Когда всё закончилось, он её отпустил.
- Хорошо? - спросил Флетч.
Джейн кивнула.
- Хорошо. Спасибо.
Она посмотрела на окно, в комнату, куда угодно, только не на него.
- Мне было непросто. Прости. Если решишь передумать, я пойму.
- Только не я. Я знал, что на дороге будут ухабы. Но сама дорога-то есть. За эти два года...
Продолжать он не стал, да и не надо было.
- Поступим, как ты сказала. Поживём, увидим, как всё пойдёт. Договорились?
- Договорились.
Джейн протянула руку.
Флетч пожал её.
- Я тебе подарок принёс, - сказал он и вытащил две пачки "Лаки Страйк".
- Ого!
Джейн едва не вырвала их у него из рук.
- Нынче это гораздо лучше роз.
Она распечатала пачку и сунула в рот сигарету. Флетч прикурил ей.
- Ого! - повторила Джейн после первой затяжки.
- Пойду я.
Останавливать его она не стала, хоть Флетч и желал обратного. Коснувшись дверной ручки, он остановился.

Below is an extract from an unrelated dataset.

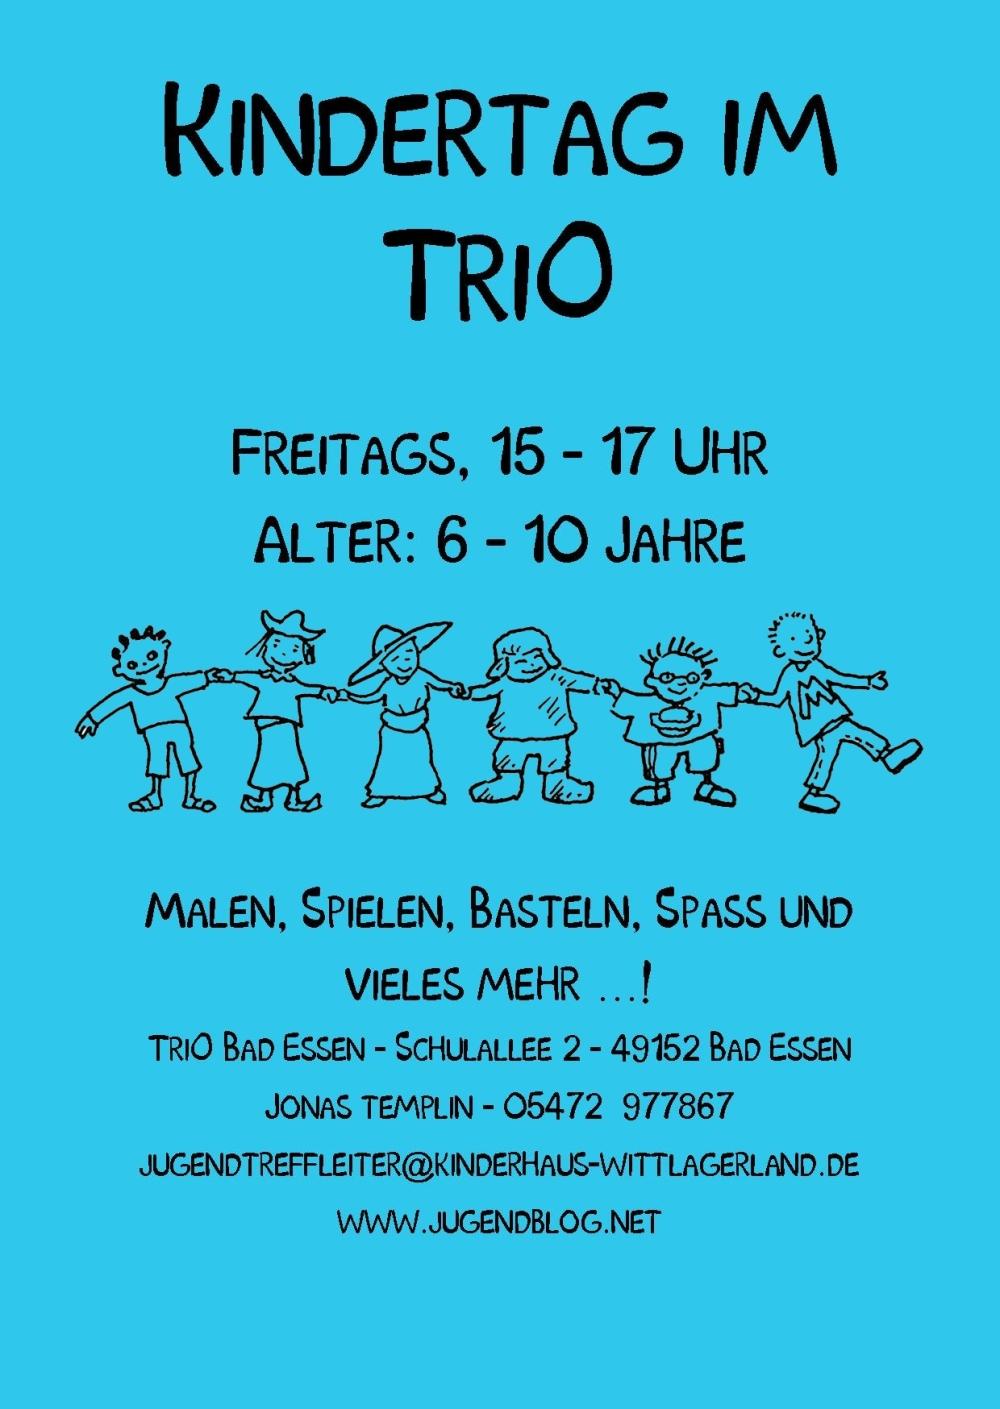 Kindertag TriO Front Web

- Ещё одно. Если меня отправят служить дальше, а меня точно отправят, я за тебя поквитаюсь.
- Ага.
Джейн ещё раз глубоко затянулась.
- Договорились, Флетч.
Осень. Почти тридцать лет это слово для Хиро Такахаси оставалось лишь словом. На Гавайях всегда лето. Чуть теплее, чуть холоднее, чуть суше, чуть влажнее, но всегда бесконечное лето.
Но теперь, несмотря ни на что, вернувшись в Японию, Хиро снова увидел различия во временах года. Южная оконечность Хонсю всегда славилась хорошей погодой, а Внутреннее море отлично в этом помогало. Хиро полагал, что здесь не будет так же отвратительно, как на Хоккайдо, где каждую зиму случались снежные бури. И всё же, здесь было холоднее и противнее.
"Я зажрался", - подумал он.
Власти делали всё, чтобы он был счастлив. Передачи с Гавайев сделали его на родине своего рода знаменитостью. А угрюмая знаменитость - это очень нехорошо.
Хиро думал, что будет счастливее, если его поселят в префектуре Ямагути, там, где он родился. Он съездил в родную деревню. Там у него остались брат с сестрой и несколько старых знакомых. Встреча вышла более неловкой, чем он предполагал: никто не знал, что сказать. После стольких лет разлуки, у Хиро не осталось ничего общего ни с родственниками, ни со старыми приятелями.
Наверное, те, кто всем здесь заправляли, поступили разумно, перевезя его в большой город. В деревню он может ездить, когда захочет, если захочет. Префектура Ямагути оставалась преимущественно сельской. Здесь постепенно расцветала жизнь, но, сравнивая с Гонолулу, это место оставалось до ужаса сонным.
Например, тут не было ни одного города с первоклассными средствами вещания. Властям хотелось, чтобы он продолжал выходить в эфир, чтобы хоть как-то компенсировать потерю Гавайев. Никто так и не вышел и не сказал прямо, что Гавайи потеряны. О них просто перестали говорить в новостях. Хиро надеялся, что сыновья пережили бои. Ещё он надеялся, что при американцах они будут счастливы. Сам он понимал, что при них он счастья не обретёт, а американцы не будут счастливы видеть его рядом с собой.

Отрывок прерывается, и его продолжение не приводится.